TRAINCRAFT_PW_COMMAND="srun --mpi=pmix apptainer exec … traincraft-qe.sif pw.x" —
you never hard-code the command (the MPI plugin and container/native wrapper come
from [orchestration.slurm]; see Run on HPC).
fhi_aims (FHI-aims — the reference engine)¶
[labeling.calculator]
type = "fhi_aims"
xc = "pbe"
species_defaults = "tight" # basis level (light/intermediate/tight/…)
kpts = [4, 4, 4] # Monkhorst-Pack grid (periodic systems)

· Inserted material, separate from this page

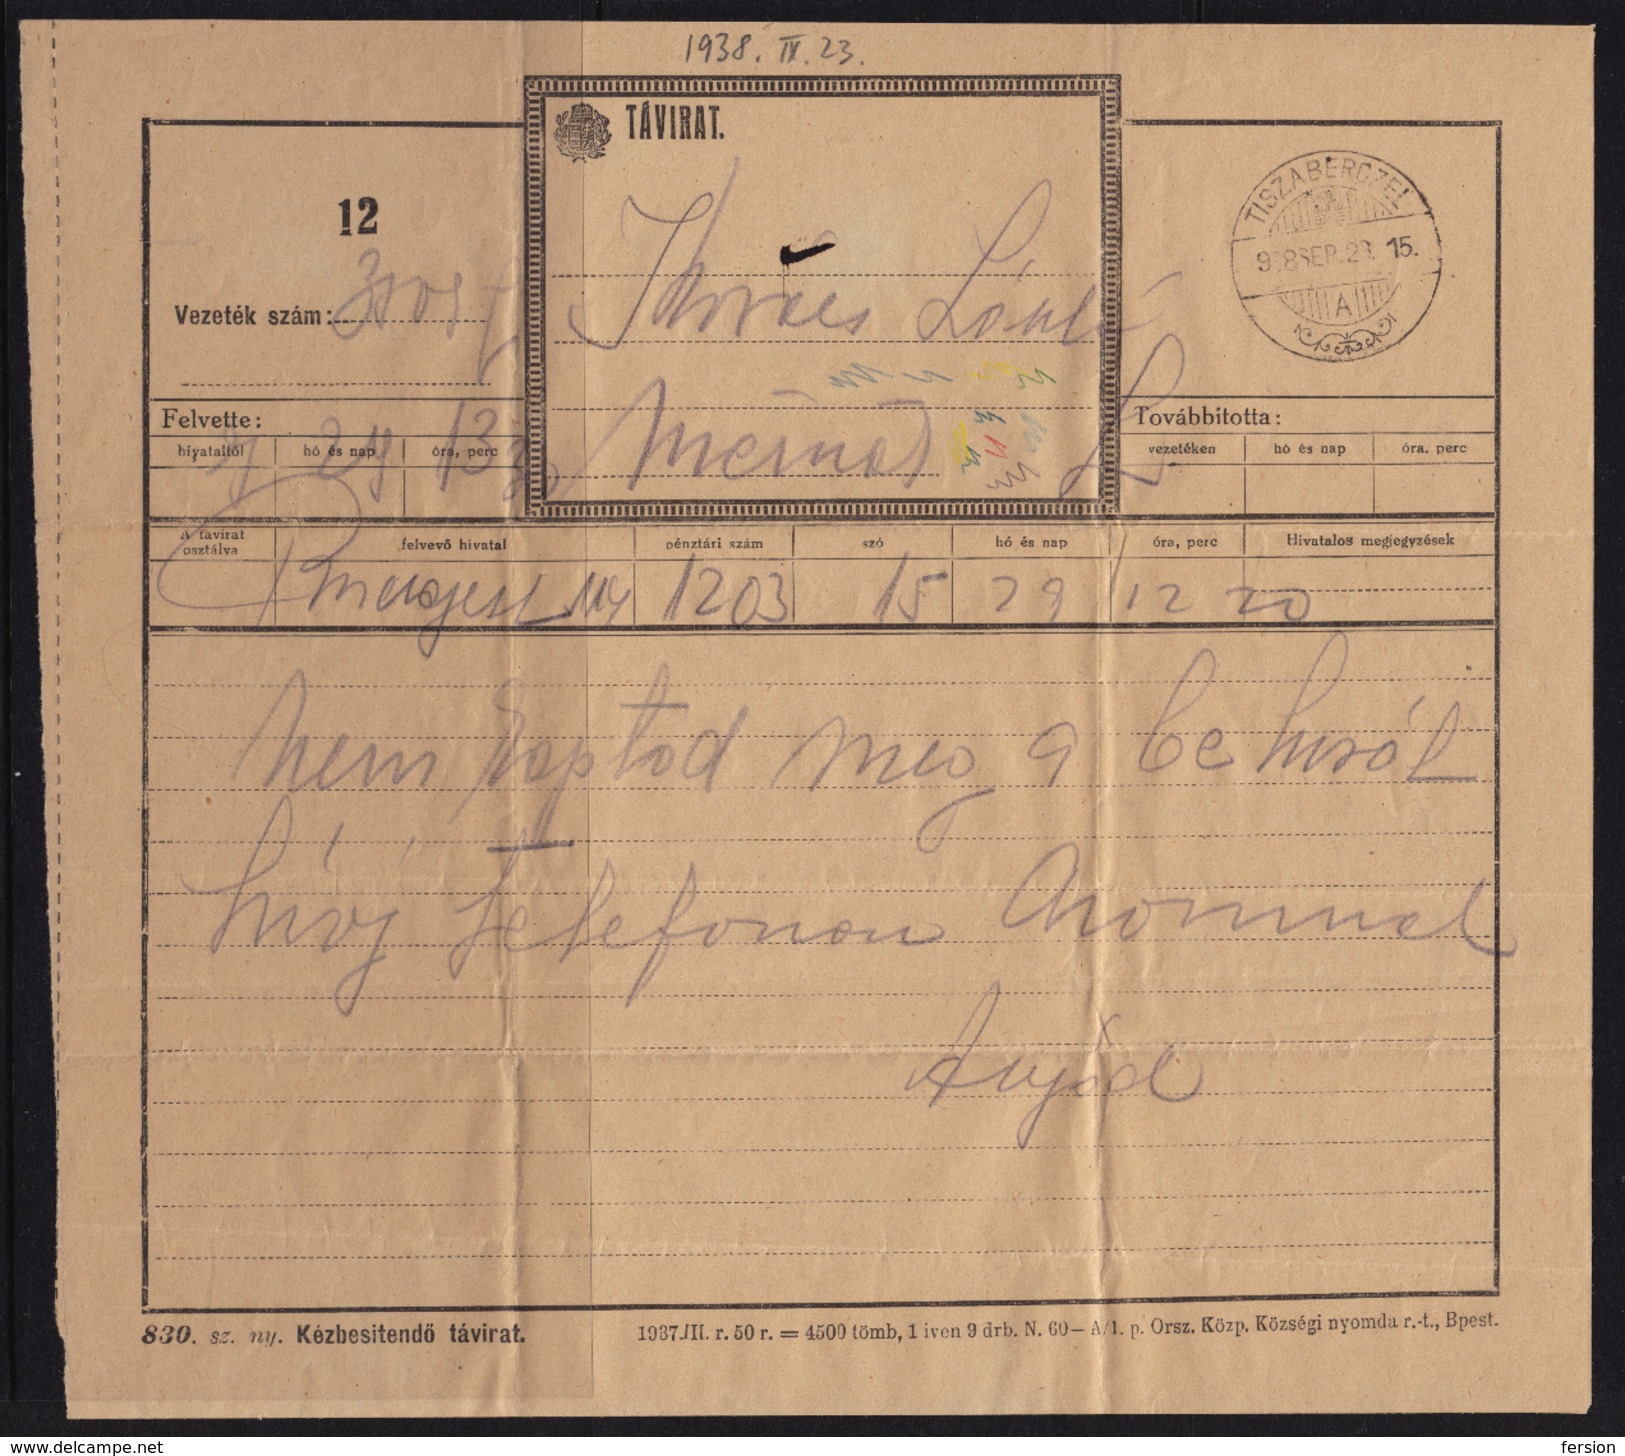 TELEGRAPH TELEGRAM 1938 Hungary - Tiszaberczel - Telegraph

relativistic = "atomic_zora scalar"
properties = ["dipole", "polarizability"] # beyond E/F/stress
# extra = { ... } # any control.in keyword, passed through verbatim
Polarizability via DFPT (the IR/Raman driver) is computed in a single
aims.x run and selected automatically from the requested properties and the
system's periodicity: dfpt = dielectric for periodic cells, dfpt =
polarizability for molecules.
qe (Quantum ESPRESSO — open source)¶
[labeling.calculator]
type = "qe"
ecutwfc = 60.0
kpts = [4, 4, 4]
pseudopotentials = { Si = "Si.pbe-n-kjpaw_psl.1.0.0.UPF" }
properties = ["dipole"]
Fully open source (the source-built traincraft-qe image), so the whole workflow
can run with no licensed software. QE can compute polarizability/dielectric
response via DFPT (ph.x with epsil/fpol); because QE is a periodic code,
molecular polarizability is done in a vacuum supercell. That is a second binary
(ph.x) after the SCF, which TrainCraft's qe plugin does not wire yet — so
for polarizability today use fhi_aims, or extend build_qe with a ph.x step
(a tracked extension point, not a QE limitation).
The labeling stage¶
When [labeling] is present, the pipeline labels the selected frames after
the funnel:
This produces, under the run workspace:
labeled_dft/
labeled.extxyz # frames with E/F/stress(+dipole/pol) and origin=dft_labeled
manifest.json # level of theory, property set, frame count, wall time
frame_0000/ … # per-frame work dirs (so file-IO calcs don't collide)
Each labeled frame is tagged origin="dft_labeled" with its level_of_theory,
so the expensive data stays cleanly separable from the cheap, ML-generated points
(see Provenance). The dataset is built from these labeled frames.
Tip: to try the mechanics with zero deps, set
[labeling.calculator] type = "emt"— EMT stands in for DFT and produces E/F/stress.examples/18does this.